Pre-draft measurables
| Height | Weight | Arm length | Hand span | 40-yard dash | 10-yard split | 20-yard split | 20-yard shuttle | Three-cone drill | Vertical jump | Broad jump | Bench press |
| 5 ft 10+3⁄8 in (1.79 m) | 192 lb (87 kg) | 31 in (0.79 m) | 8+7⁄8 in (0.23 m) | 4.49 s | 1.61 s | 2.59 s | 4.19 s | 7.08 s | 34.5 in (0.88 m) | 10 ft 1 in (3.07 m) | 13 reps |
All values from Pro Day

===Chicago Bears===
Graham Jr. was selected by the Chicago Bears in the sixth round, 228th overall, of the 2021 NFL draft. On June 2, 2021, he signed his four-year rookie contract with Chicago. He was waived on August 31, 2021, and re-signed to the practice squad the next day. The Bears elevated Graham Jr. to their active roster after their secondary was depleted by injuries and COVID-19. Graham Jr. made his NFL debut on December 20 against the Minnesota Vikings. After playing every snap on defense with seven tackles and three pass breakups, he was signed to the active roster the next day.

On August 30, 2022, Graham Jr. was waived by the Bears and signed to the practice squad the next day.

===Cleveland Browns===
On September 13, 2022, Graham Jr. was signed by the Cleveland Browns off the Bears practice squad. He was waived on October 11 and re-signed to the practice squad. He was promoted back to the active roster on October 31, 2022.

On August 4, 2023, Graham Jr. was waived/injured by the Browns and placed on injured reserve.
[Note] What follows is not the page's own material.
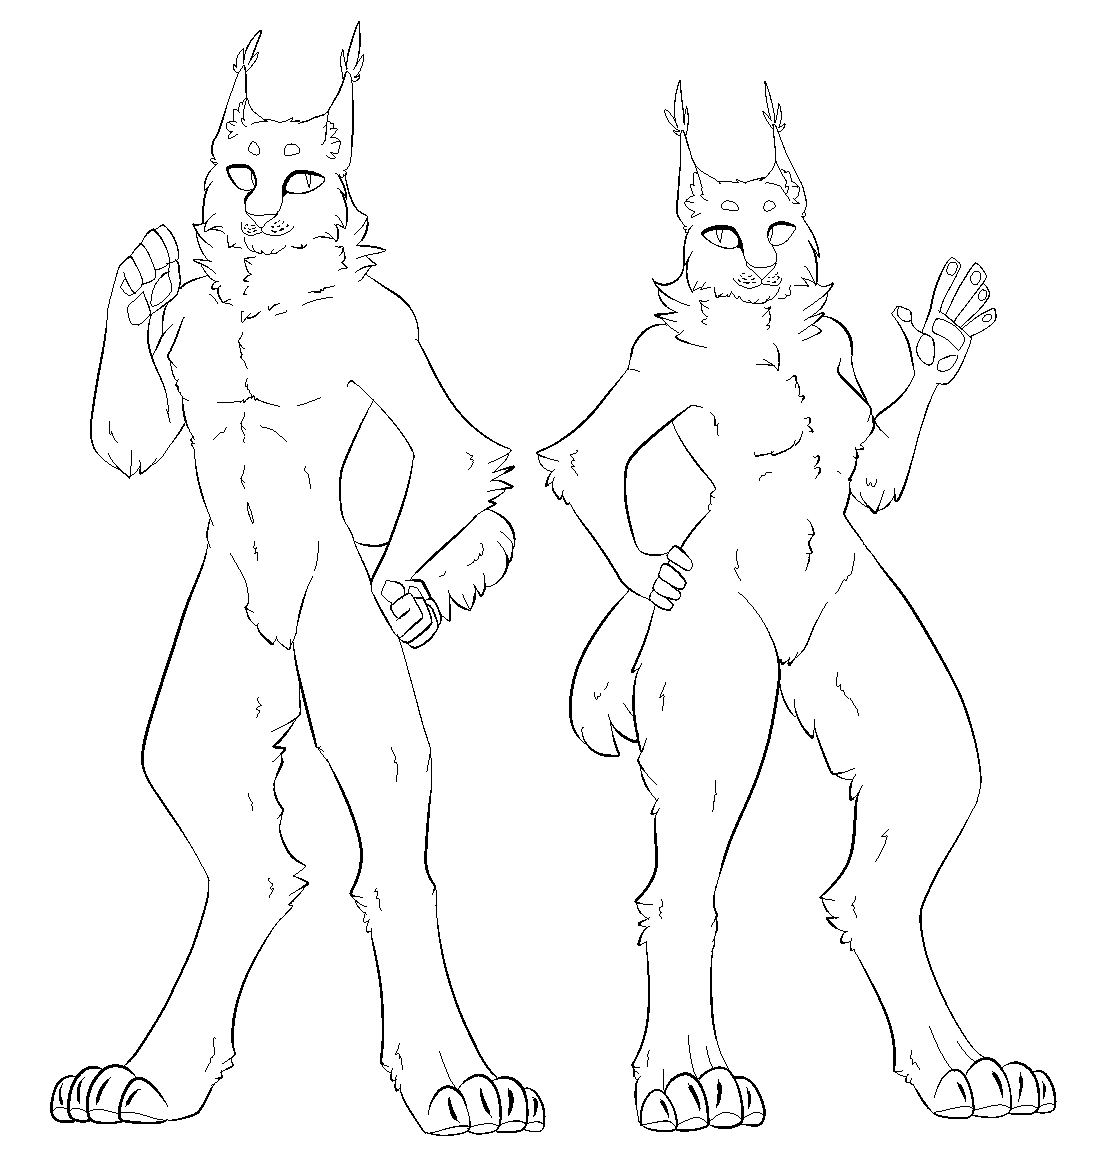 Anthro Lynx Base

He was released on November 28, 2023.

===Pittsburgh Steelers===
On January 23, 2024, Graham Jr. signed a reserve/futures contract with the Pittsburgh Steelers. He was waived on August 27, and re-signed to the practice squad. He was released on October 29, 2024.

===Baltimore Ravens===
On August 18, 2025, Graham Jr. signed with the Baltimore Ravens. He was waived as part of final roster cuts and re-signed to the practice squad the next day. On September 3, 2025, Graham Jr. was waived from the Ravens' practice squad.

=== BC Lions ===
On September 21, 2026, Graham Jr. signed with the BC Lions of the Canadian Football League (CFL), and joined their practice roster. On September 24, 2026, Graham Jr. was promoted to the Lions' active roster.